Where do you suppose the electricity is going to come from, for the most part, to recharge them?

 

Aaaah hah hah!  Saw this coming :)

Power generation, of course, which isn't going to go away, anyway. 

Yep, coal can be cleaned up.  I was drafting/modeling up scrubber installations for coal plants back in the '80s.  I guess the fines for not being in full compliance aren't high enough, though.  Cheaper to pollute.  Nuclear is the most efficient power source, and very clean until you have waste product; we were working on all kinds of whacky solutions for the DOE (and, more nefariously, for the DoD) back in the day.  And, the public is afraid of nukes (thank 3-Mile-Island, Chernobyl and the Japanese tsunami), although there are very advanced redundant cooling systems such as those that we were designing for, ahem, production reactors, before the end of the Cold War put the kibosh on those programs.  Don't forget hydro power.  Totally renewable and very clean.  Not cheap to build, though, which has always been a problem.  But, you don't have to dam up rivers, create reservoirs and displace communities.  We dug a channel into an elbow of the Mississippi 30 years ago and floated in a huge (it was almost as large as an aircraft carrier) power house (I think it had 10 or 12 turbines) and plugged it in.  The river runs through it.  It did cost a fortune, but not as much as a dam/reservoir and huge real estate acquisition and relocation.  

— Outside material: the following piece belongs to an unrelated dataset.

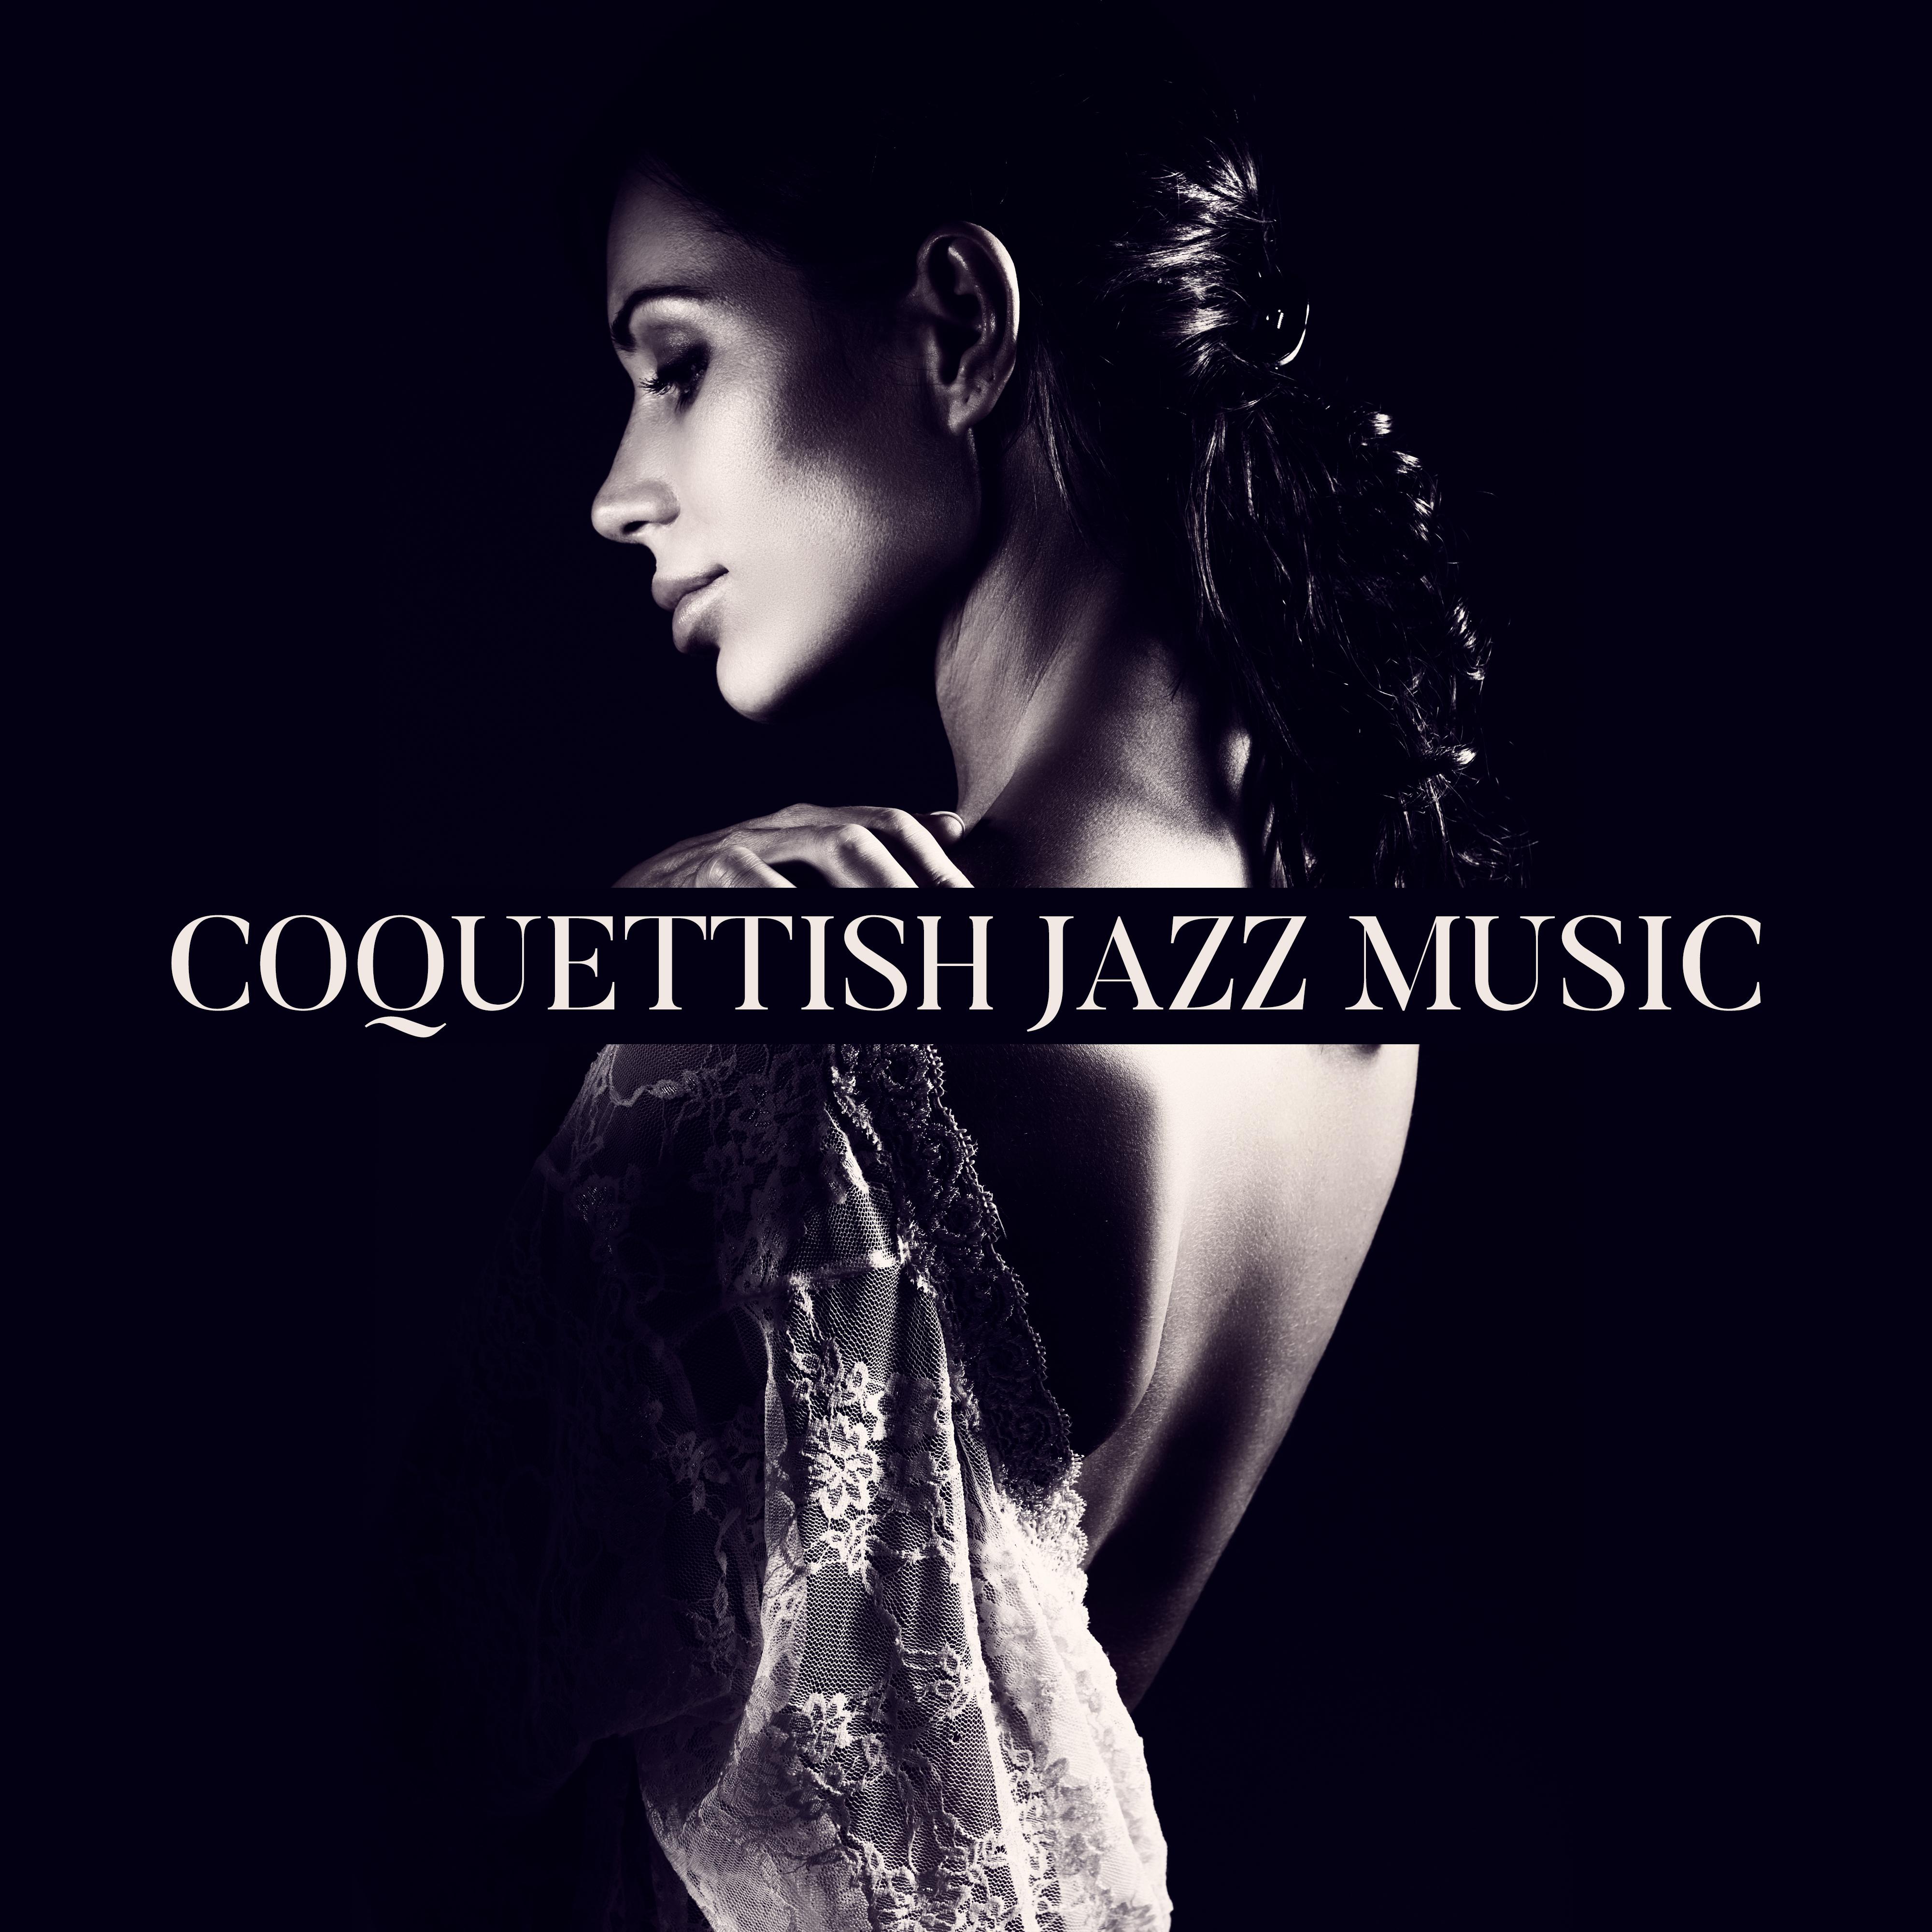 Coquettish Jazz Music - Seductive, Alluring and Flirtatious Sounds for Moments Full of Tenderness and Love, a Date or ****** Rapture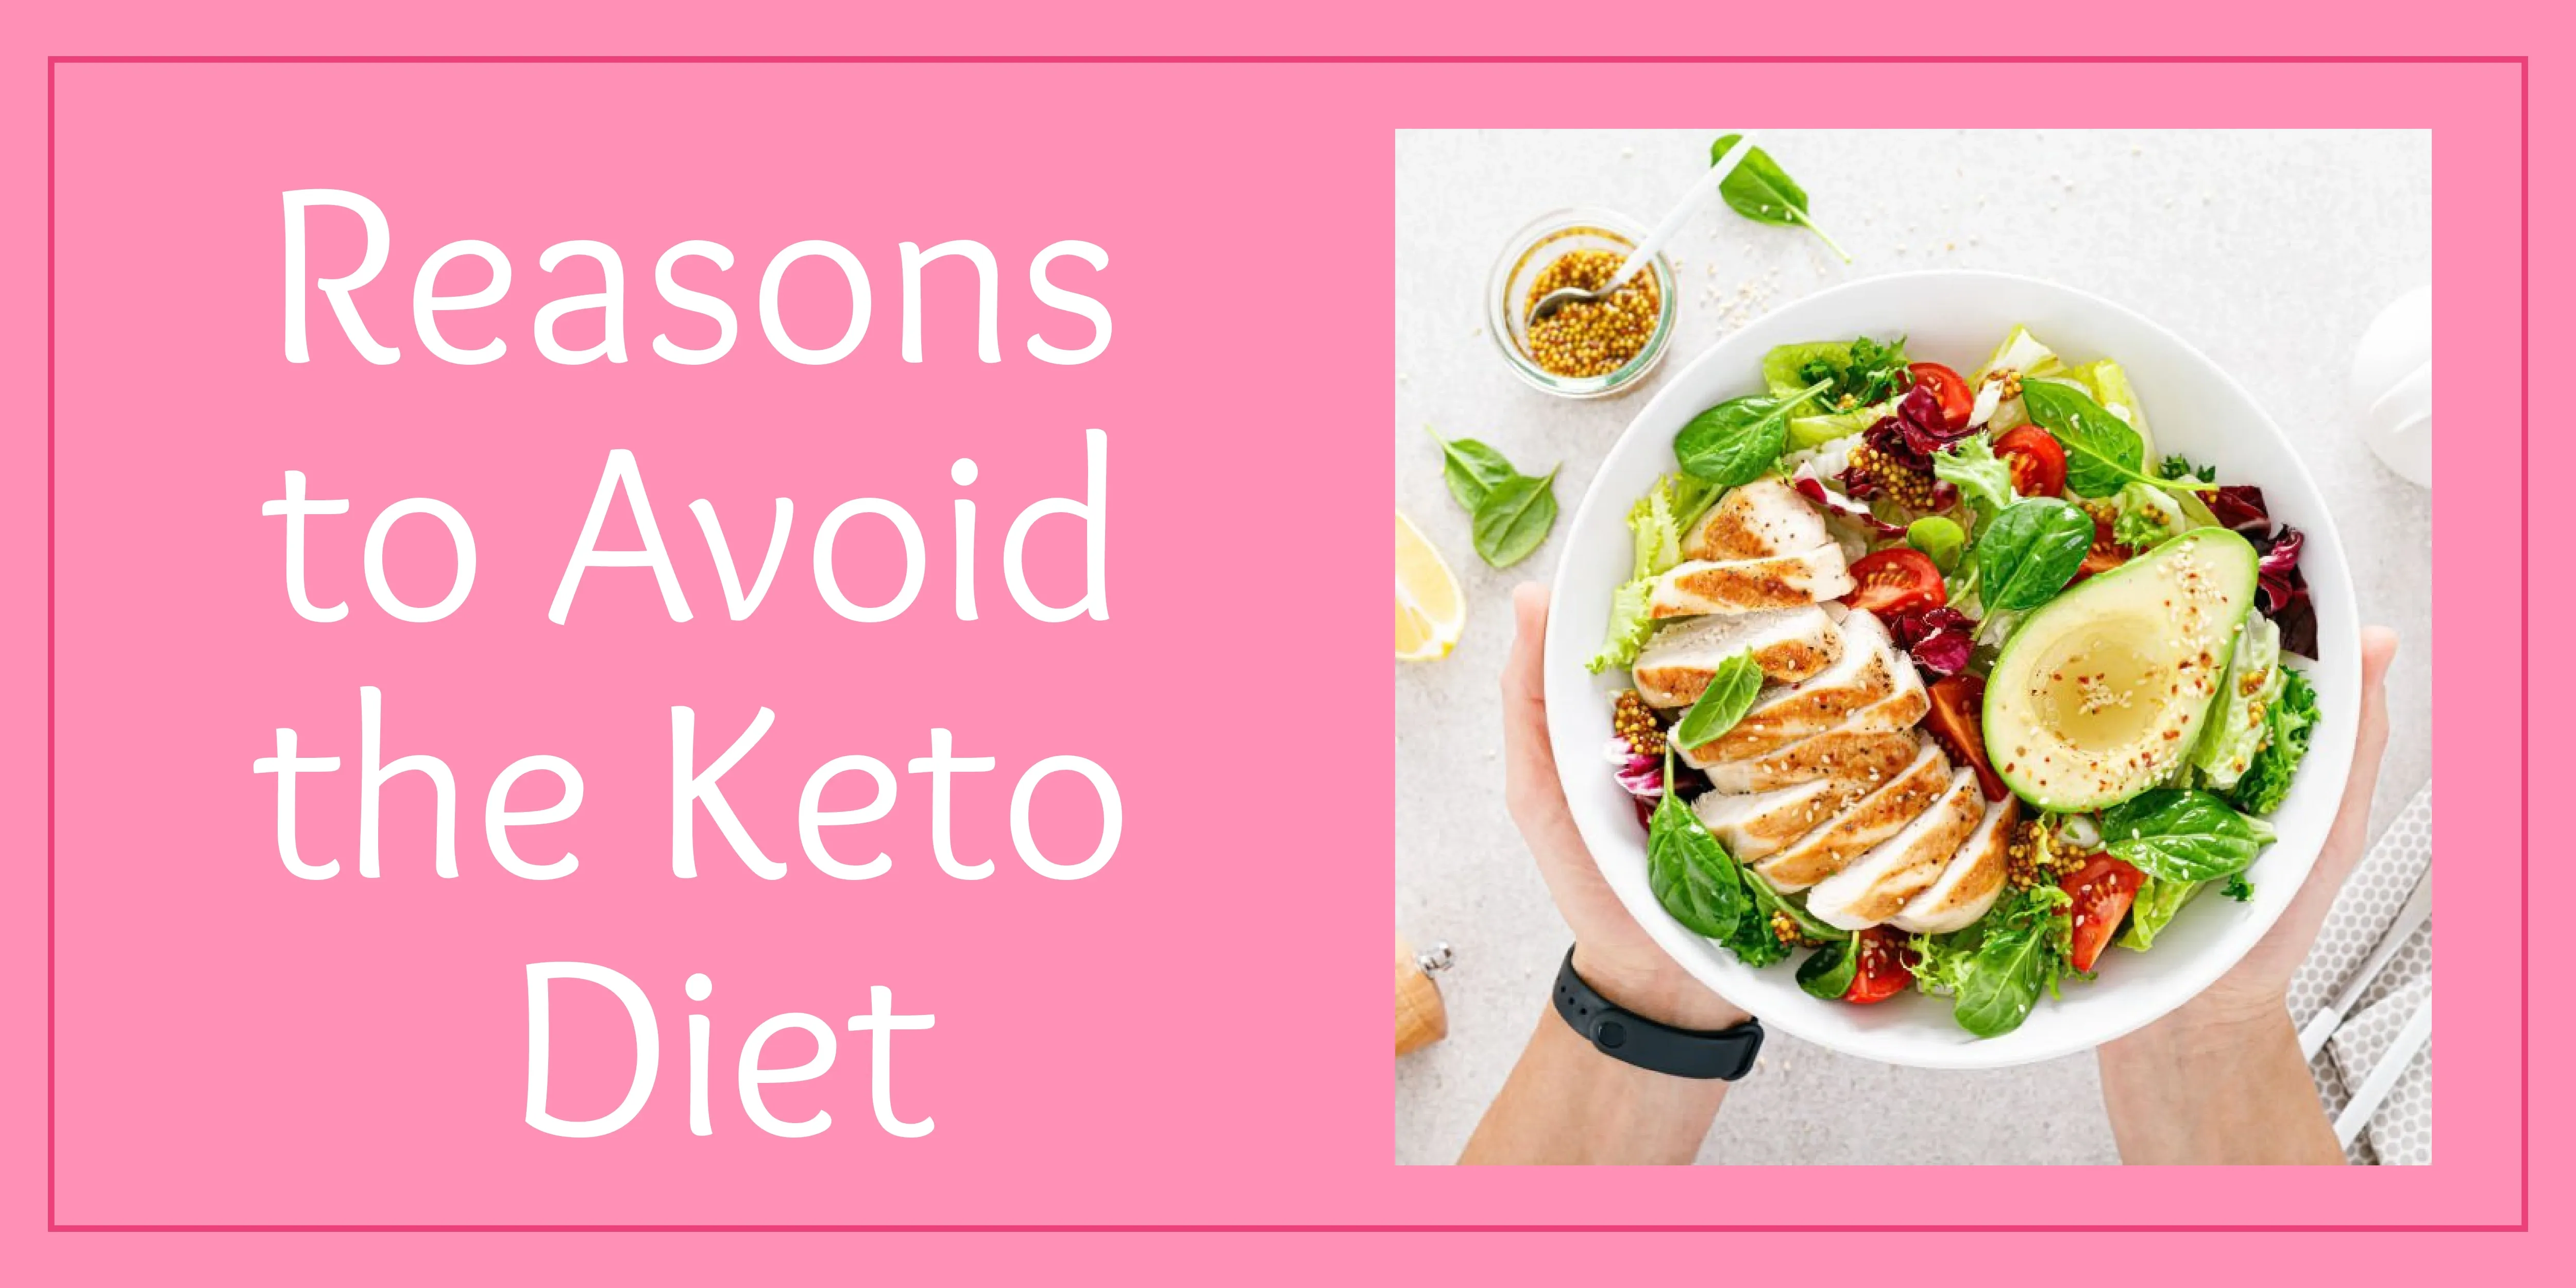 5 Experts Accepted Reasons to Avoid the Keto Diet

And then you have all the new renewables coming along.  Not all are totally clean though.  Solar and wind rely on storage, so the whole battery thing enters the equation (Yes, like electric cars.  More engineering to do).

I think the biggest challenge to powering up for a paradigm switch over to electric cars is distribution.  The power grid is way over-taxed and has been for a long time, like the rest of our infrastructure.  Lets's see:  Obama wanted $500B for infrastructure (laughably naive low estimate for what was needed even "back then") and was shot down.  Trump more realistically wants a trillion (still way too low - we need 2 trillion just for starters) and the republicans don't want to hear about it.  Oh, well.  So much for that job-creating idea.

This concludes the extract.